We want to be very careful with what we claim in the paper in terms of ecological validity, and indeed have removed mentions to that as suggested by other reviewers. However, we still think this is an interesting question. Another reviewer brought up noise sampling and neuronal spikes, which we think is an interesting example. In our deep networks, we are sampling continuous values with noise, while the neurons in the brain observe spikes from upstream neurons. Even in spiking networks, a plausibly fast sampling method may not be impossible, as previous work suggests that spike distributions may automatically estimate probability distributions (Ma et al., 2006), which could be one way in which this additive noise could be sampled efficiently.

Neural implementation of clustering (binding) is also currently an open research question. One such example is the temporal correlation hypothesis (Singer & Gray, 1995) - however, LNS is not strictly about the specific implementation of individual components, but about the clusterability of the representation. We have correspondingly edited the main text as mentioned above (Section 2.2).

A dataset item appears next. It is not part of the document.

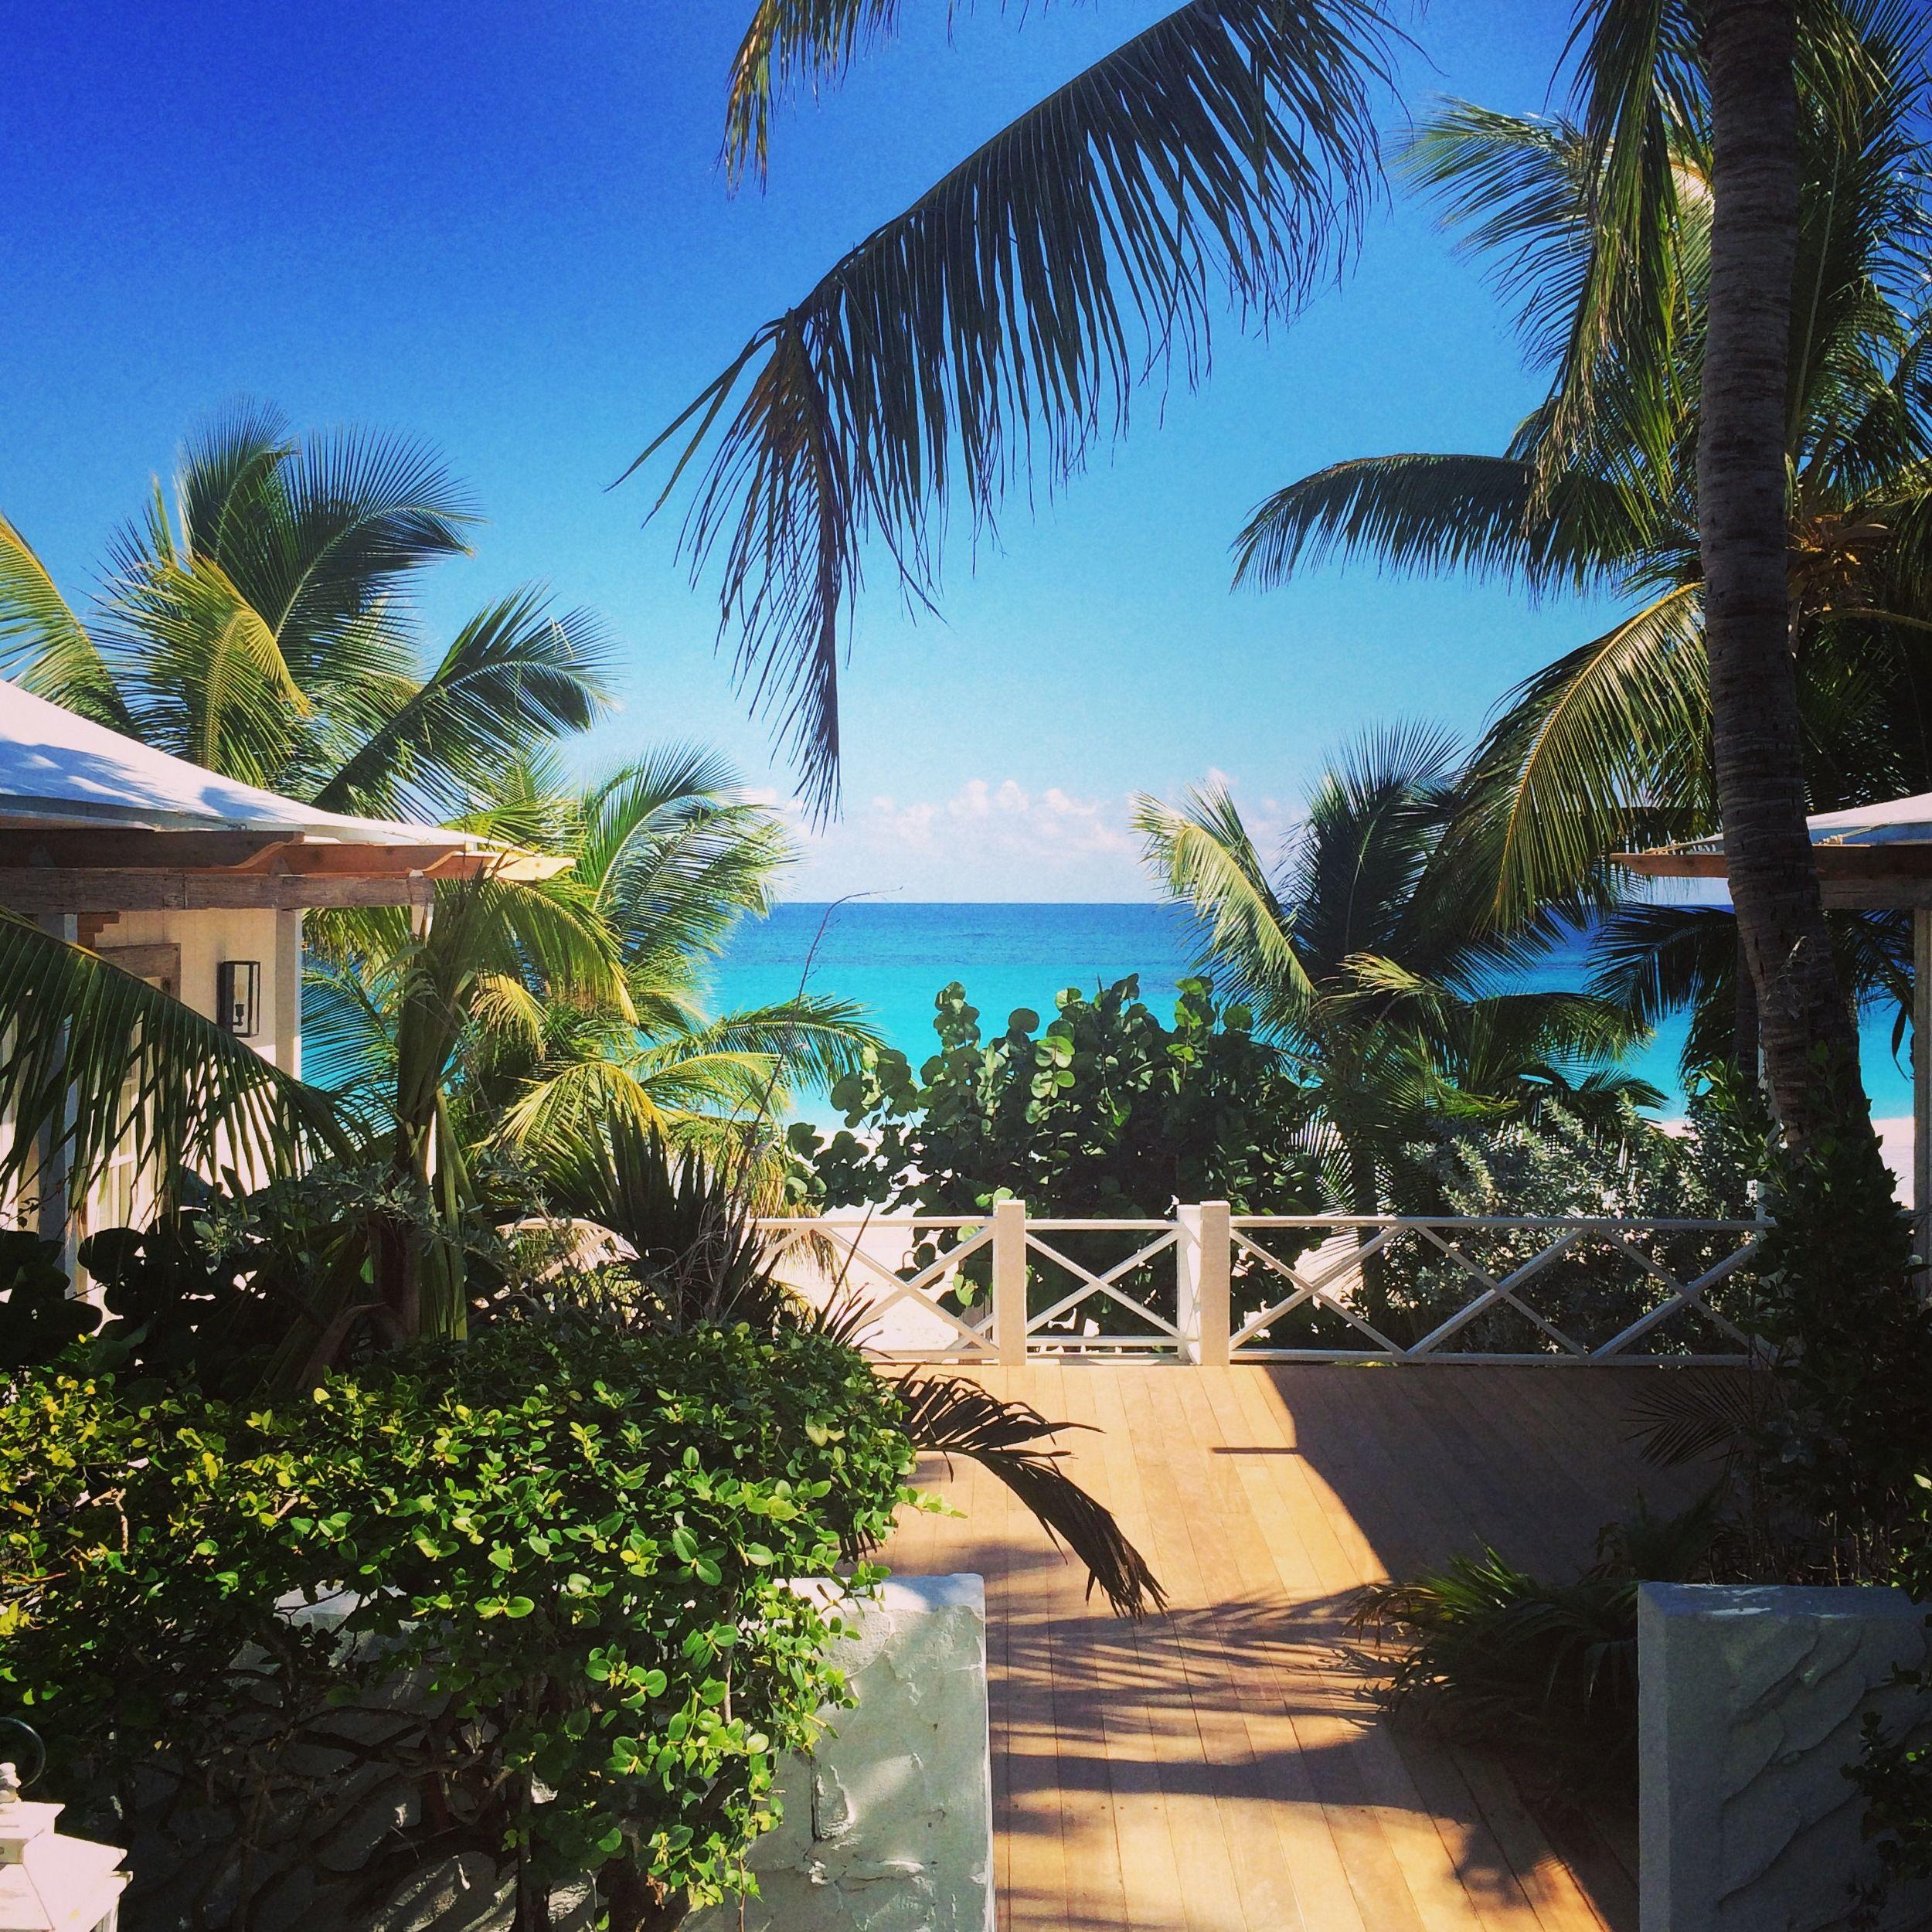 Ocean View Club Harbor Island Eluthera Bahamas

Our focus is on a computational account of perceptual grouping that attempts to rely on minimal assumptions.

We thank you again for your review, which has helped improve our manuscript. We believe these additional experiments, analyses, and writing changes address your comments, and we hope that you consider raising your score or confidence in your score.

评论

In Section 2, does pretraining refer to training on GG before doing the noise injection, or was there any pretraining on natural images? If so, it would be interesting to see segmentation maps for GG test images before training on GG train images. Would it group by continuity just by learning from natural statistics, for example?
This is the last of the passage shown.